Laboratory Studies of Photochemistry in Antarctic Snow and Ice
Dome C Ice Core
Photochemical reactions in snow can have important effects on the chemistry and composition of the snowpack as well as the overlying atmosphere. For example, recent measurements in the Antarctic and Arctic have revealed that sunlit snow releases a number of important pollutants to the atmosphere. Our ability to understand and model this chemistry is currently limited, in part because we lack fundamental photochemical information for a number of important chemical species in snow. This award supports research that will help fill this gap by characterizing the low-temperature photochemistry of three of these key species: nitrite (NO2-), nitrous acid (HNO2), and hydrogen peroxide (HOOH).
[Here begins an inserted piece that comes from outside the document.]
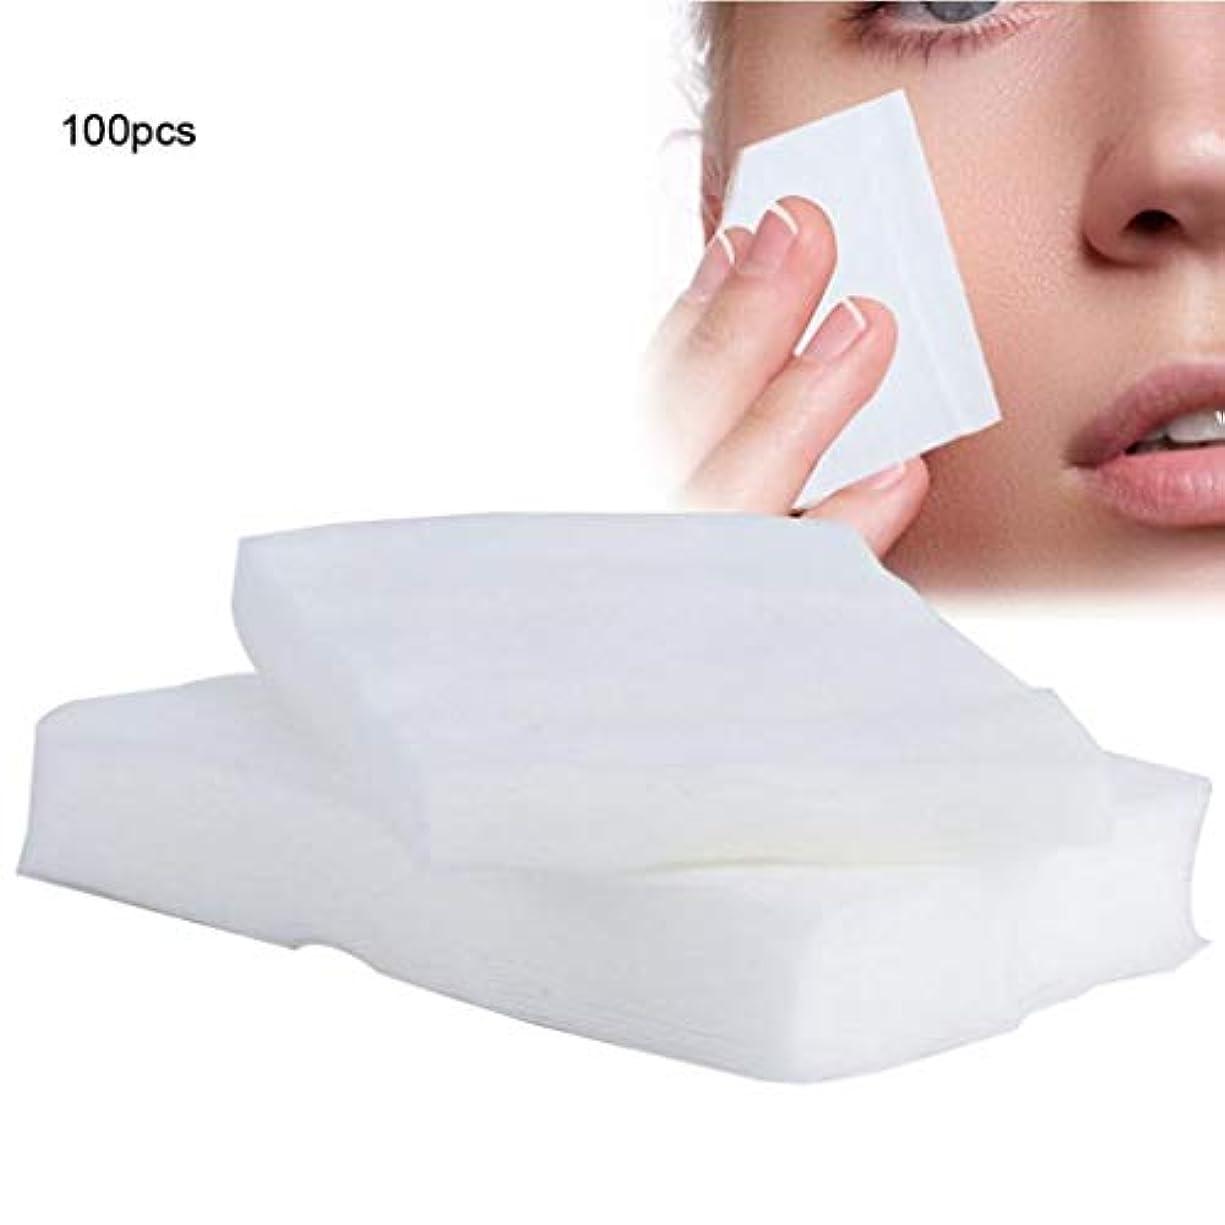 常習者光沢ロールクレンジングシート 100ピース化粧コットンパッド使い捨て化粧品リムーバーソフトフェイシャルクレンジングワイプペーパータオルメイクアップリムーバーワイプ (Color : White, サイズ : 6*7cm)

We will measure quantum yields for these reactions on ice using a sensitive technique that we recently developed during a study of nitrate (NO3-) photochemistry. In addition to this basic research, we will also measure the rates of formation of hydroxyl radical (OH), nitrogen oxides (NOx), and HOOH in illuminated Antarctic snow samples. These measurements will be important inputs for future models, and will allow us to test whether known species (e.g., NO3-, NO2- and HNO2) are responsible for most of snowpack reactivity (e.g., OH formation). Overall, results from this award will significantly improve our ability to understand snowpack chemistry, and the resulting effects on the atmosphere, both in the Antarctic as well as in the many other regions with permanent or seasonal snow. These results will also strengthen efforts to use ice core records to monitor global change. In addition to these impacts, this award will help train students and a postdoctoral fellow, and results from this work will be integrated into two classes in order to expose students to some of the important issues facing polar regions.